Bombs - Page 173 Section 1.7a subsection XI

"_This does not apply when the recipient is Al"_


----------



## Don Fernando (Jan 1, 2000)

ahc4353 said:


> If "bomber" does not comply said "bomber" he/she and all gorillas that have knowledge of the "bomb" will face banishment from the jungle"


but if nobody knows the bomber, how can he be banned?


----------



## Secret Santa (Nov 30, 2003)

ahc4353 said:


> GOOD NEWS!!!
> 
> I was going through the CS Gorilla Handbook and found this:
> 
> ...


Sorry son, I call :BS Don't be making up no rules here on Club Stogie that don't exist or you'll be getting coal in your stocking. 
The rule on CS is to whit: "What goes around, comes around"

Nice hit -- sweet smokes, enjoy them. Seems as if the bomber thinks they are well deserved. :tu:ss


----------



## massphatness (Jan 4, 2008)

Secret Santa said:


> Sorry son, I call :BS Don't be making up no rules here on Club Stogie that don't exist or you'll be getting coal in your stocking.
> The rule on CS is to whit: "What goes around, comes around"
> 
> Nice hit -- sweet smokes, enjoy them. Seems as if the bomber thinks they are well deserved. :tu:ss


In other words, Al: STFU and practice what you preach.

Although I am enjoying this a wee bit ...


----------



## SilverFox (Feb 19, 2008)

massphatness said:


> In other words, Al: STFU and practice what you preach.
> 
> *Although I am enjoying this a wee bit* ...


:tpd::tpd::tpd:

And contrary to popular belief this is not my doing.


----------



## Conch Republican (Nov 21, 2007)

Al and STFU does not compute!! 

Way to go Al - I bet the neighbors are still helping you find bits of your a$$ that has been blown all over kingdom come!:mn:mn:mn:mn


----------



## gnukfu (Dec 19, 2007)

Mmmm great hit on a great Brother!!! When you sow kindess Al you will reap kindess in return!

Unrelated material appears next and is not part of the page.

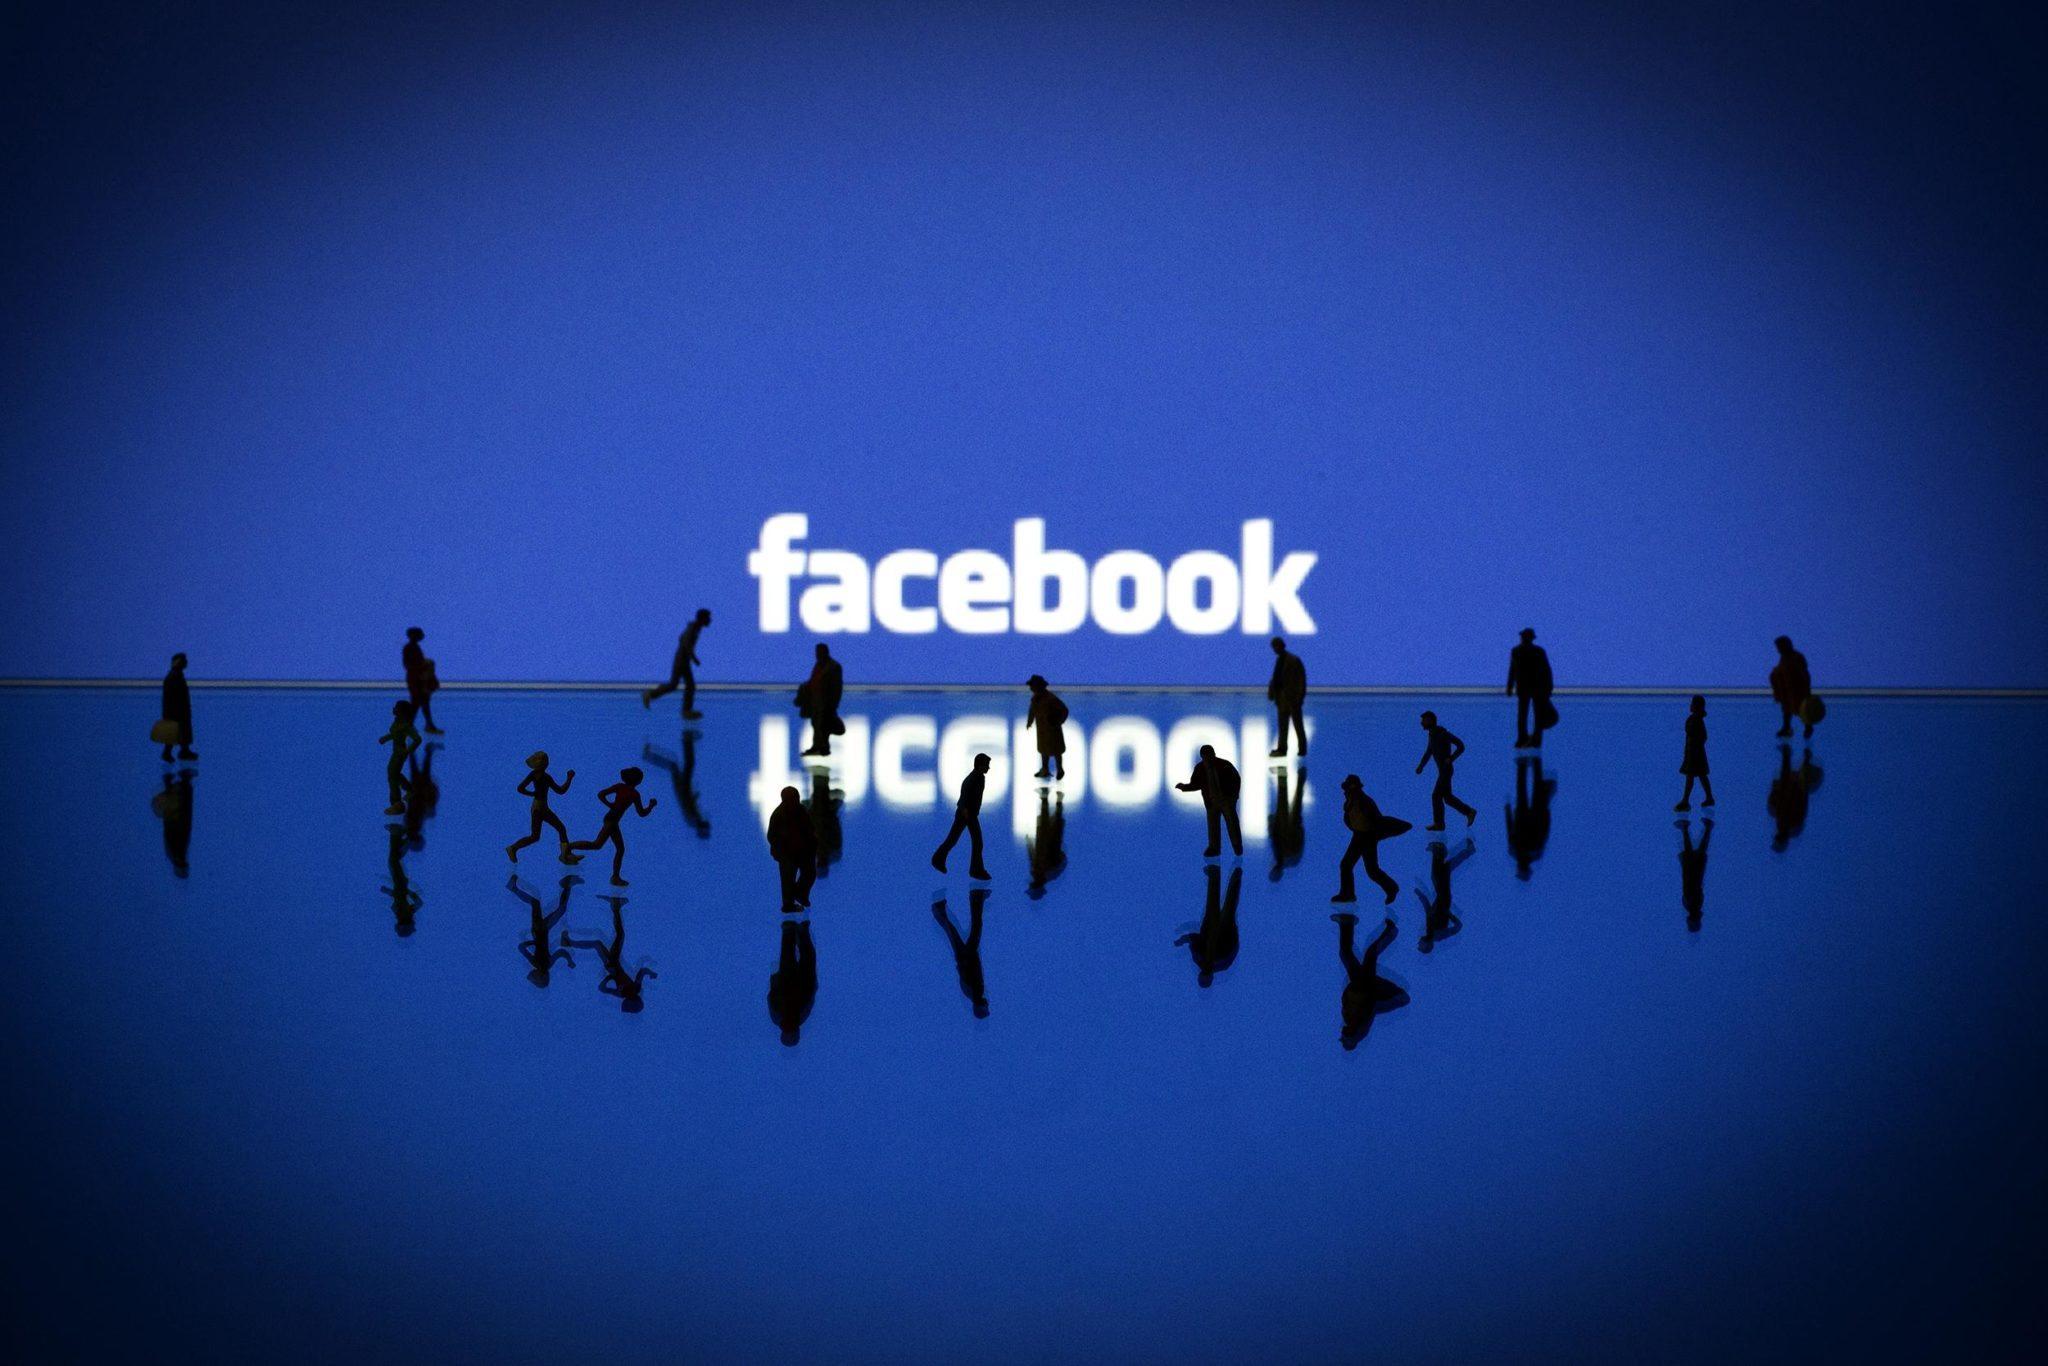 facebook in 2030 up

Al is going crazy right now trying to figure out who did it....I love it!


----------



## CBI_2 (Sep 28, 2007)

gnukfu said:


> Al is going crazy right now trying to figure out who did it....I love it!


:r The men in white coats with straight jackets will be coming for him if he doesn't find out soon.


----------



## rck70 (Mar 29, 2008)

Al bombed himself........just forgot....FOG!!!


----------



## zmancbr (Nov 20, 2007)

WOW....

those look tasty as hell... I can't wait till my box of them arrive today... :r

One hell of a hit!!! :tu


----------



## ca21455 (Jul 23, 2006)

You've been had! In the nicest way of course. Congrats and super hit!


----------



## Chiefs~Wifey (Jul 21, 2008)

Very nice hit. Enjoy Al.


----------



## Smoked (Apr 12, 2007)

Now that's a hit! I could be wrong but those look like they have some age on them as well. What's the date code on those.. if you don't mind me asking of course.


----------



## Volt (Jan 6, 2008)

YEA! Nice smack down on AL. Who the hell is Quai Dorsay?



ahc4353 said:


> Mailman arrives yesterday with a box from Swiss Post. Only one thing arrives at my house from Swiss Post and I have not ordered anything in a while. I got that pit in my stomach that I had been had, huge. Not till I opened the box did I realize just how bad I had been owned.
> 
> No note, no nothing.
> 
> ...


----------



## Bax (Sep 12, 2007)

Wow...just wow! That guy is the king of bombers! :tu


----------



## dwhitacre (Jan 2, 2008)

Man!!!

What can you say to that???!!!

Awesome hit!!!:tu


----------



## freakygar (Dec 13, 2007)

Smoked said:


> Now that's a hit! I could be wrong but those look like they have some age on them as well. What's the date code on those.. if you don't mind me asking of course.


Don't mind at all, 2001. And taste great! 



Volt said:


> YEA! Nice smack down on AL. *Who the hell is Quai Dorsay?*


And you're on a need to know bases. In this case you don't need to know.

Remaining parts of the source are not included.